REQUIRED ACTION:
Using the listing below, give again exactly the lines from the line with "复兴号发送旅客达4.5亿人次 智能型动车组将投入运营_铁路" to the line with "Gordon Freeman In", inclusive, without the pictures.

PROVIDED DATA:
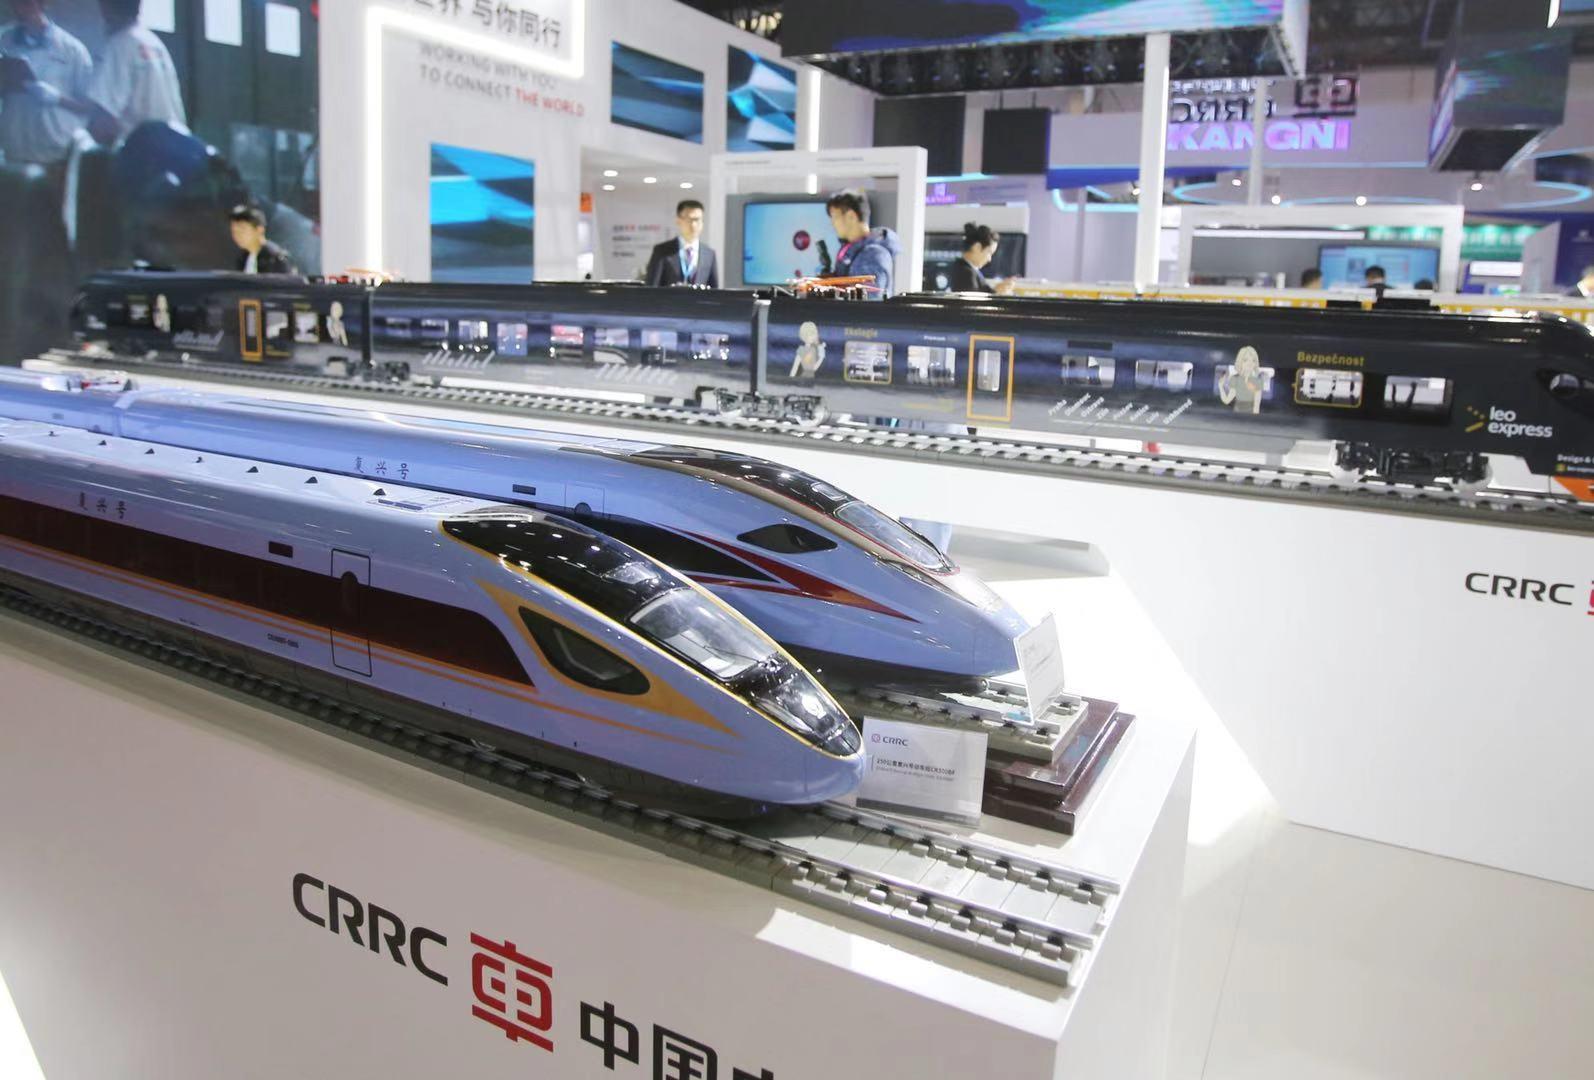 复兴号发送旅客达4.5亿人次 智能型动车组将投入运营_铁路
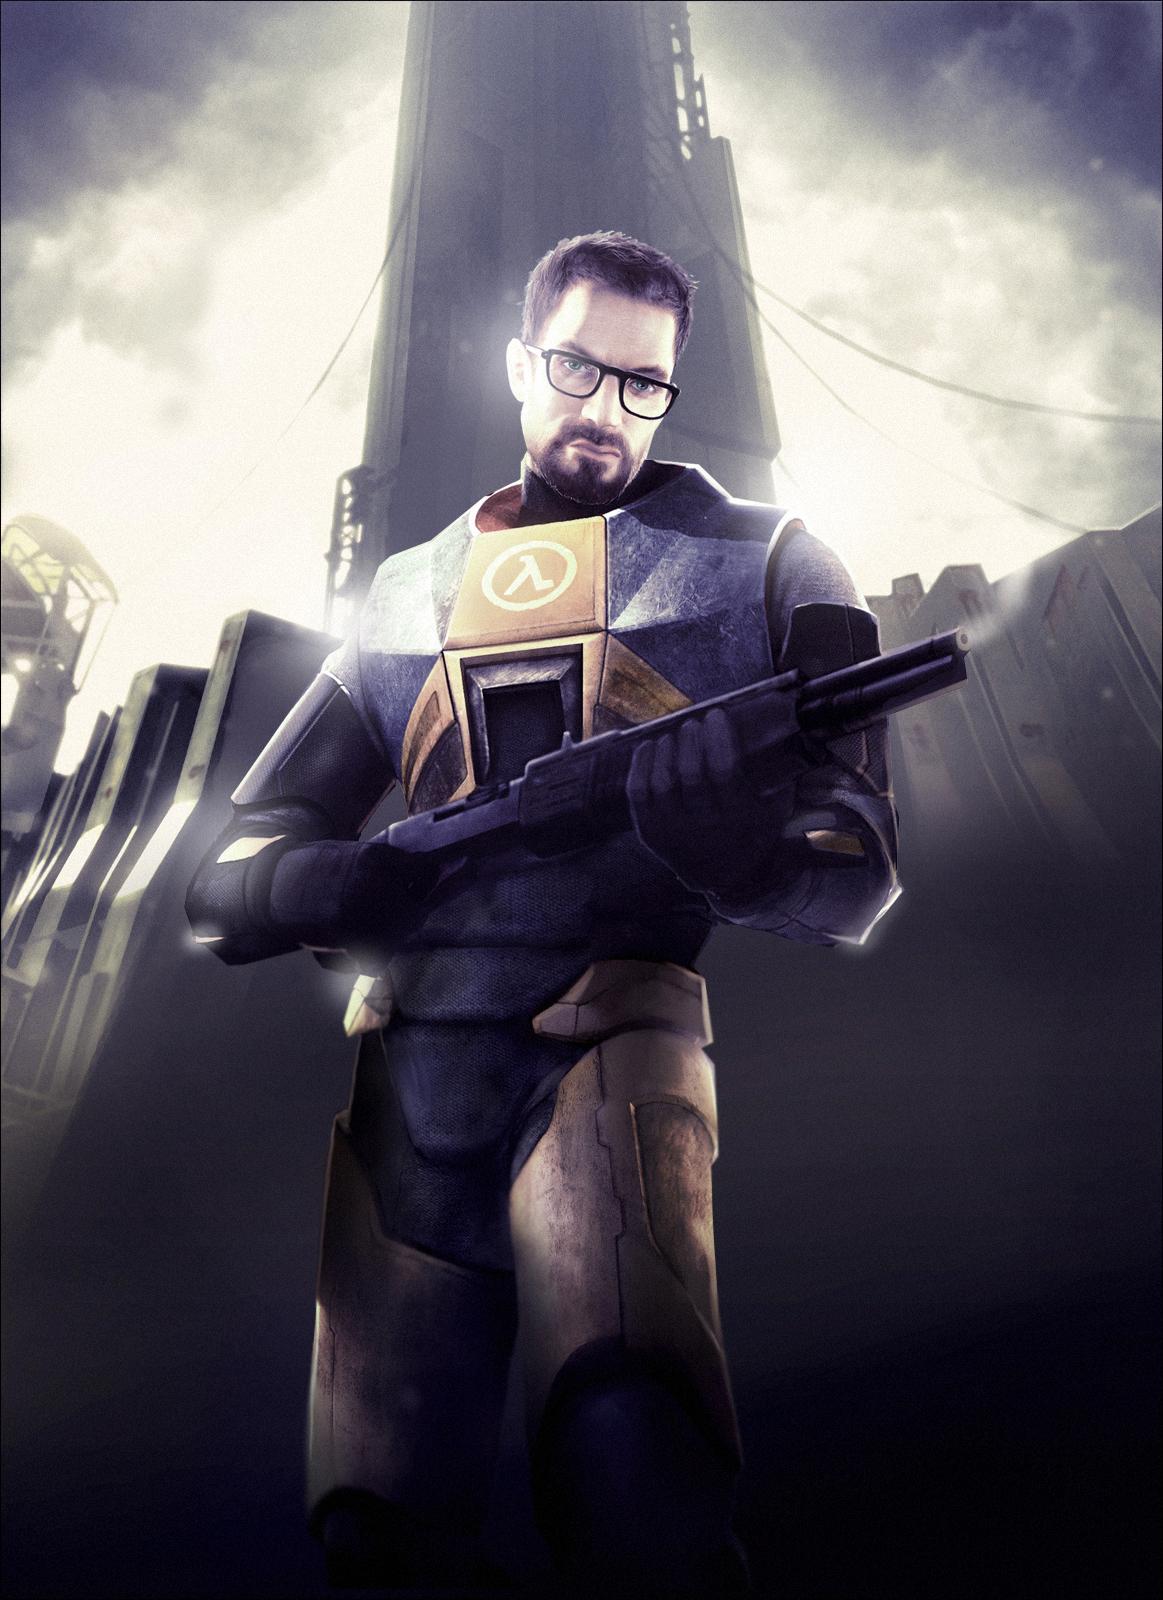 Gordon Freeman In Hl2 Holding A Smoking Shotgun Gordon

* * *

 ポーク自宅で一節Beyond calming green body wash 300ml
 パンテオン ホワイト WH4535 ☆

EXERCISE OUTPUT:
 复兴号发送旅客达4.5亿人次 智能型动车组将投入运营_铁路
 Gordon Freeman In Hl2 Holding A Smoking Shotgun Gordon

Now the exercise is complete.